New information was added with comment 4; changing status for inspection.
Bug reporter has *not* provided the information asked for, and obviously has no interest to help.
I observe the same / similar issue with btrfs for /home. I've about 20k files, mostly PDFs, to be indexed and when all files are indexed baloo starts over again in an endless loop. In /var/log/messages, I see lots of baloo_file_extractor / kf.baloo messages "id seems to have changed. Perhaps baloo was not running, and this file was deleted + re-created" messages as reported in https://github.com/NixOS/nixpkgs/issues/63489#issuecomment-563007599 @Stefan: Is /var/log/messages the "journal" you are referring to? I am using the default KDE of openSUSE Leap 15.3. According to Kontact > Help > About Kontact > Libraries, it uses "KDE Frameworks 5.76.0" and "Qt 5.12.7 (built against 5.12.7)". I did not have this problem using XFS for /home on the same OS, so I concur with comment 4 that this may be specific to using btrfs. I am not too worried about the CPU usage but the index growing by a few GB in every round is a problem for me. If the issue cannot easily be fixed I'd therefore welcome a partial solution at least avoiding large index updates. This could for example be implemented by recording the sha256 fingerprint of every indexed file and only indexing the contents of files with a new sha256 fingerprint and linking files with the same content in the baloo database.

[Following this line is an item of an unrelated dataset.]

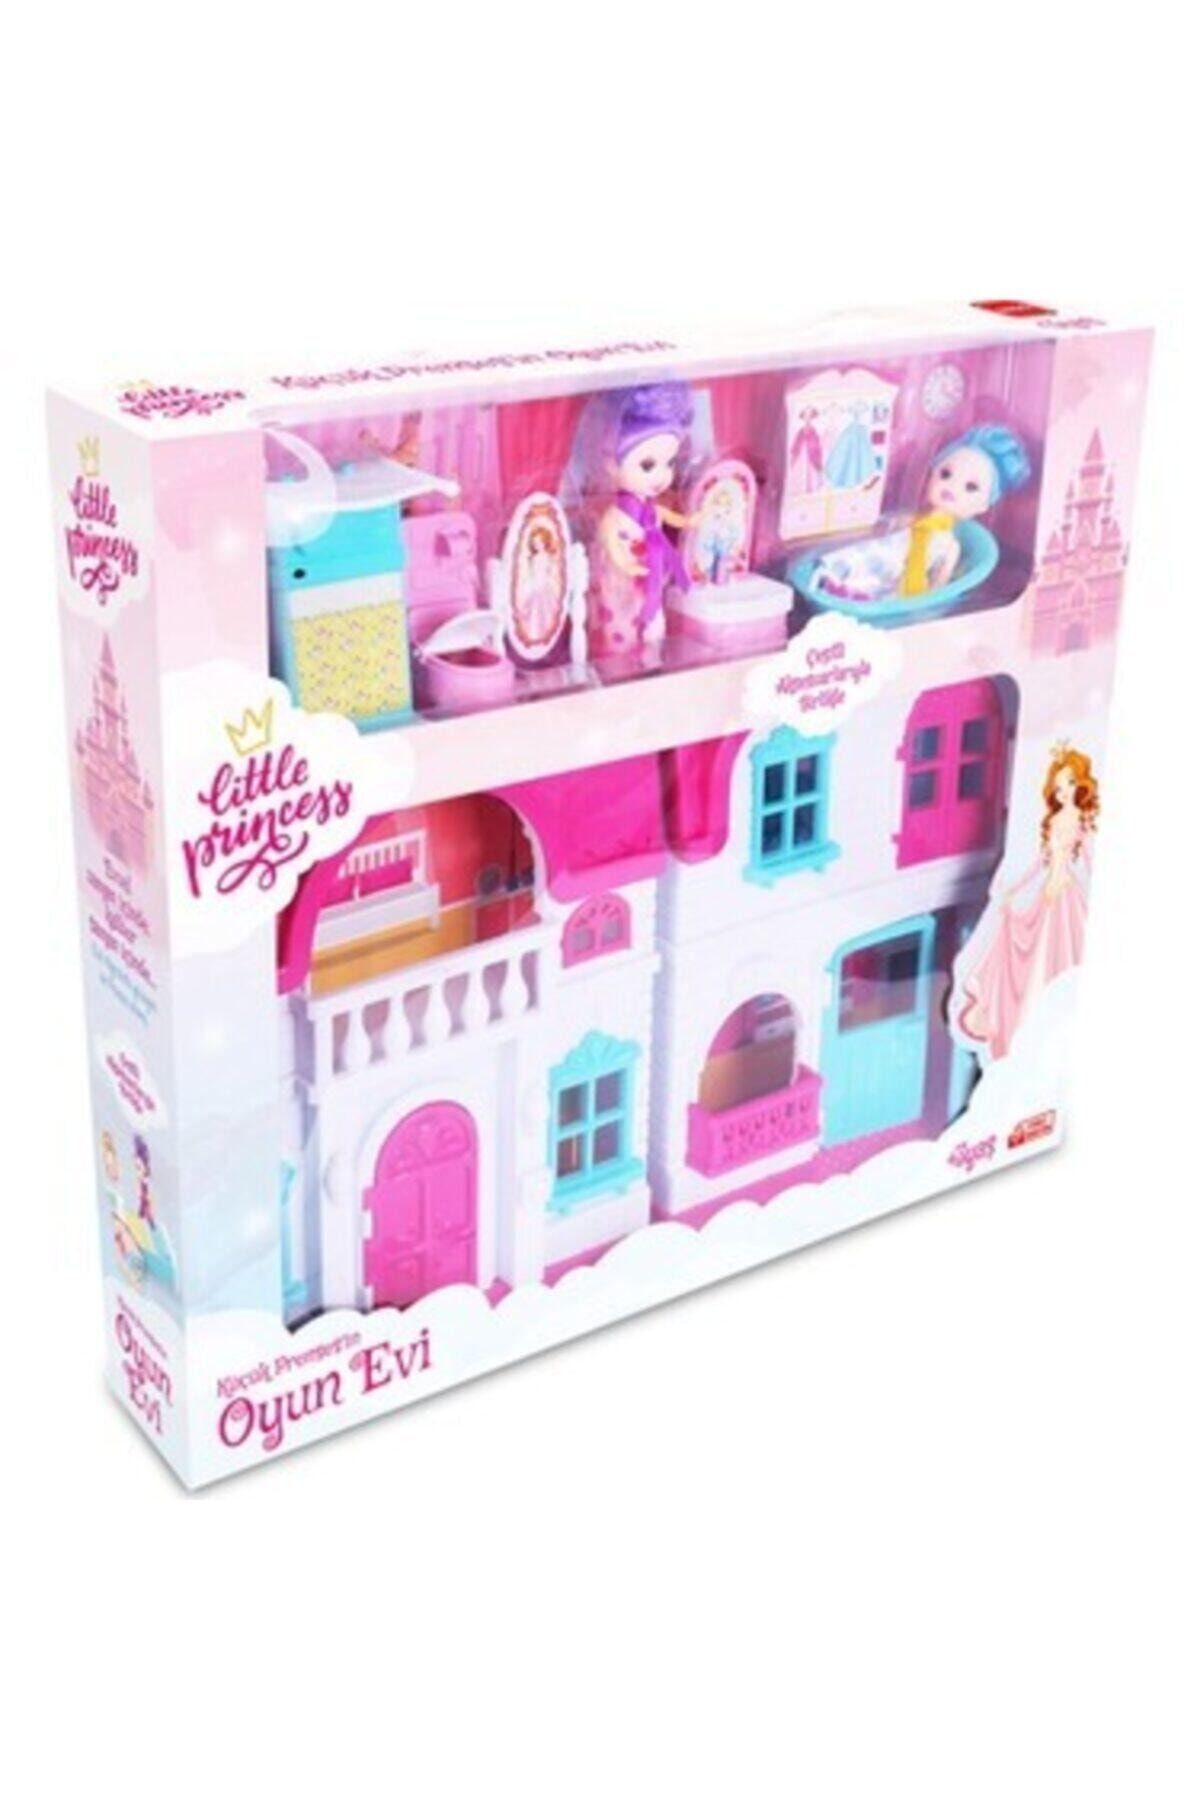 mgs oyuncak little princess oyun evi mgs 3127 fiyati yorumlari trendyol

Re the idea of recording the sha256 of each file, this may be problematic for large files with only a small content area such as meta data and subtitles of a video. Still, reading excessive amounts of data can be preferable over writing excessive amounts of index data. A solution may be to require the content indexer modules to support returning a content fingerprint, with the default implementation running the normal content extraction and calculating a fingerprint over the extracted content. File-format-specific implementations can skip some processing steps such as decompression of a data stream and character set conversion.
(In reply to Joachim Wagner from comment #7) > I observe the same / similar issue with btrfs for /home ... > ... openSUSE Leap 15.3 ... Yes, there's an issue with openSUSE, BTRFS and multiple subvols, as per: https://bugs.kde.org/show_bug.cgi?id=402154#c12 I'm not sure this would explain the original issue though, of same files being indexed in a loop. Might be worthwhile checking whether the baloo_file_extractor process is crashing.
Yes, thanks. My logs confirm the re-indexing co-occurs with the use of a new virtual device number for the btrfs filesystem.